The story is nuanced - ecosystems adapt, and giant kelp or other species may shift northward in search of cooler waters.
“In ecology, even though we have the longest time series record of giant kelp in existence, it’s still a tiny snapshot. A human lifetime is a blink of an eye,” said Kristin Riser, another of the study’s co-authors.
Long-term observation is itself a form of stewardship, and the 40-year Scripps dataset exists because people showed up, season after season, and paid attention.
Here are some ways to do the same:
1. Support scientists, research organizations, and artists!
Researchers at Scripps and other academic institutions are doing the long-term work that makes informed decision making possible. Organizations like the Kelp Forest Alliance and Reef Check help people connect with researchers and get involved in long-term monitoring efforts in their regions. Artists can translate that science into different forms in order to reach audiences far beyond the research community, through museum and aquarium exhibits, public installations, and other spaces where people encounter these ideas outside of a scientific context. Follow the work, share it, and if you're able, support it. (Seea suggest following Oriana Poindexter! She does incredible photographic work exploring kelp forests)

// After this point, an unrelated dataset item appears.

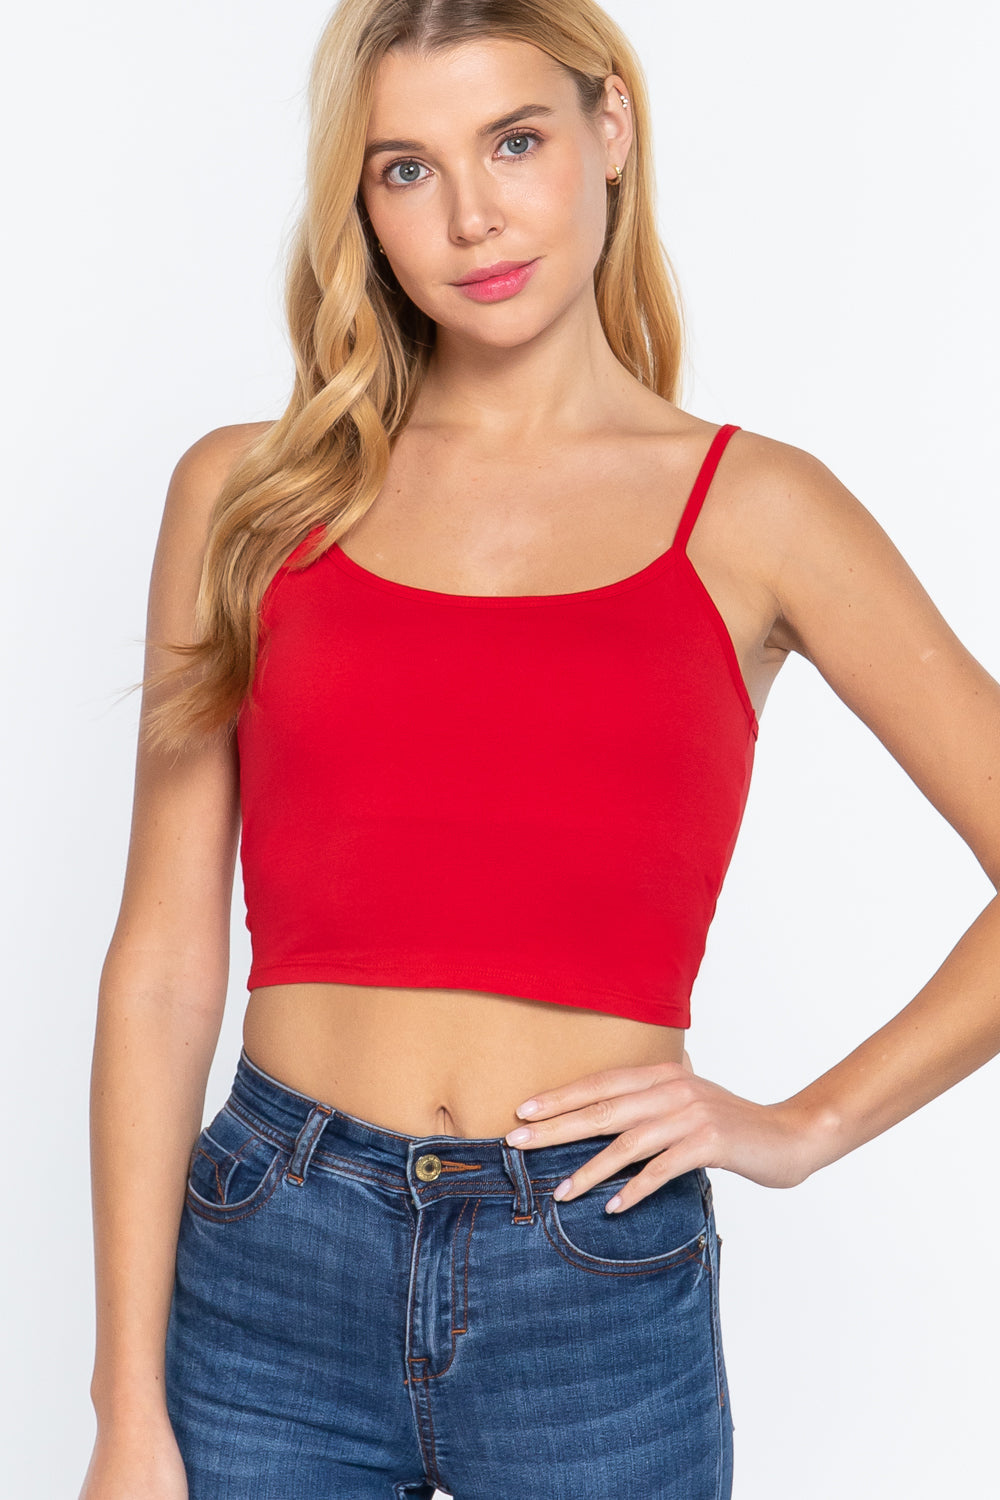 The802Gypsy  shirts and tops ❤GYPSY LOVE-W/removable Bra Cup Cotton Spandex Bra Top

Oriana Poindexter's cyanotypes hanging at the Catalina Museum of Art and History. Photo by Heidi Zumbrun.
2. Reduce what you can.
Rising ocean temperatures are the principal driver of the changes we're seeing. Individual actions matter less as standalone gestures than as part of a broader cultural shift toward taking this seriously.
3. Put your face in the water — and talk about it!
Most people who love the Southern California coast, and even many lifelong surfers, have never put their face in the water to see what's beneath the surface. Our kelp forests are accessible to any strong swimmer, snorkeler or diver. You don't need to be a scientist to observe what is out there, or what is changing. You just need a mask, wetsuit, and fins to start learning. That's where the conversation starts.

Naomi Folta, a surfer, free diving with kelp. Photo Megan Young Blood.
I'm (Oriana Poindexter) a photographic artist and marine scientist — I grew up in Laguna Beach and have been swimming, surfing, and diving regularly in the kelp forests of San Diego, Orange County, and Catalina Island for over 15 years. I earned a Masters degree in Marine Biodiversity & Conservation from Scripps Institution of Oceanography, the same institution behind the 40-year study referenced here. Today, I create artwork with kelp and seaweed specimens collected from my dives, making unique, life-size records of the organisms themselves. The collections of specimens I gather from specific places over time combine into a portrait of those places, which I then share with the public through exhibits and installations. You can see my current show, The Blue Forest, at the Catalina Museum for Art & History in Avalon, CA through October 2026. It's my way of paying attention, and of inviting others to do the same.

Oriana working with kelp before creating a cyanotype. Photo Heidi Zumbrun.
As keystone species and pillars of marine ecosystems, kelp forests are vital. They provide a crucial lens for scientists into the complex and symbiotic nature of the ocean. Let's continue to support, explore, and learn from this extraordinary algae!